Changes to programs known as SNAP or CalFresh, here in California, could go into effect early next year and might have a greater impact in the Bay Area because the high cost of living often leaves little else for food.

Students could find themselves cut off from benefits unless they get a job and prove that they work at least 20 hours a week.

“This rule has the potential to be the biggest cut to benefits, since the 1996 Welfare Reform,” said Tracy Weatherby, Vice President of Strategy and Advocacy for Second Harvest Food Bank.

Weatherby said thousands of students and other adults without children who are in the system now could go hungry.

“People who are hungry are no better able to find work or better themselves through education by having these vital nutrition supports removed,” she said.

The rule change is designed to end abuse of the system.

But students worry they may have to sacrifice their grades so they can work and stay in the program.
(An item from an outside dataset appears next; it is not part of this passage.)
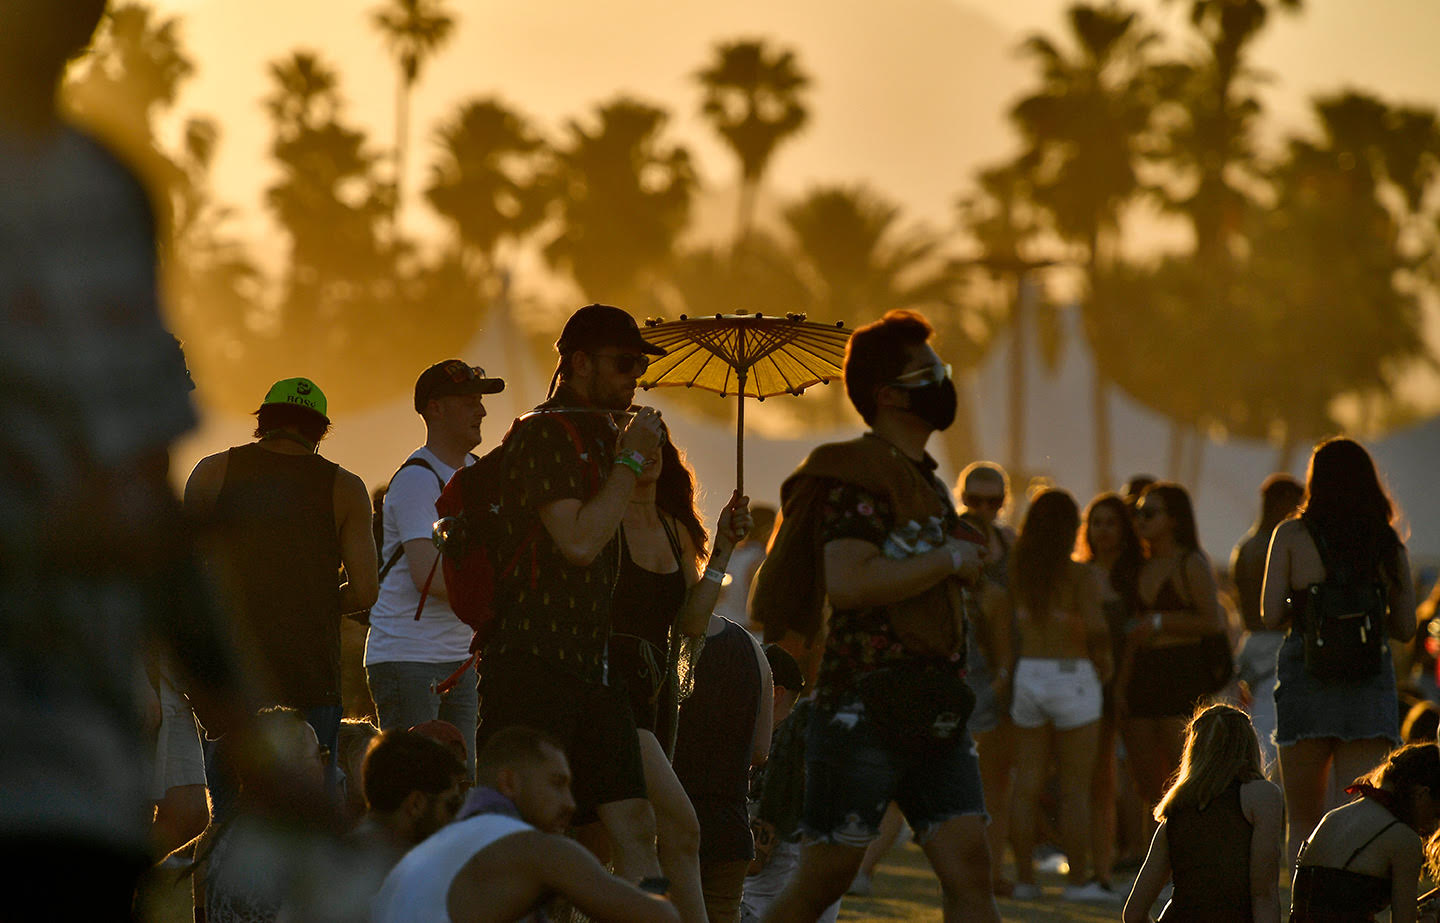 Coachella Weekend 2: Fleeting Moments In Brazen Heat

“Are your work schedules going to fit with your class schedules? Are they going to give you time off?” asked Maggie Young, a San Jose State student who uses SNAP. “What if your boss requires you to work? How are you going to balance?”

The effects could hit students in the Bay Area especially hard where tuition and rent takes a larger toll on college student’s finances.

Young said for students, food is often an afterthought.

“I was just in a dorm and people were talking about how they were eating peanut butter for a meal,” she said.

Many students may drop out of the program and it will likely push more of them to use free food services like college campus pantries.

In Santa Clara and San Mateo Counties that free food most likely comes through Second Harvest, which distributes to over 300 partner agencies and is already facing shortages.

“The need would increase by a staggering amount,” said Weatherby.

The U.S. Department of Agriculture is expected to make a final decision on the rule changes by early 2020.

According to a California government report, about 25 percent of California State University students are elibible for the SNAP program, but only 5 percent have signed up.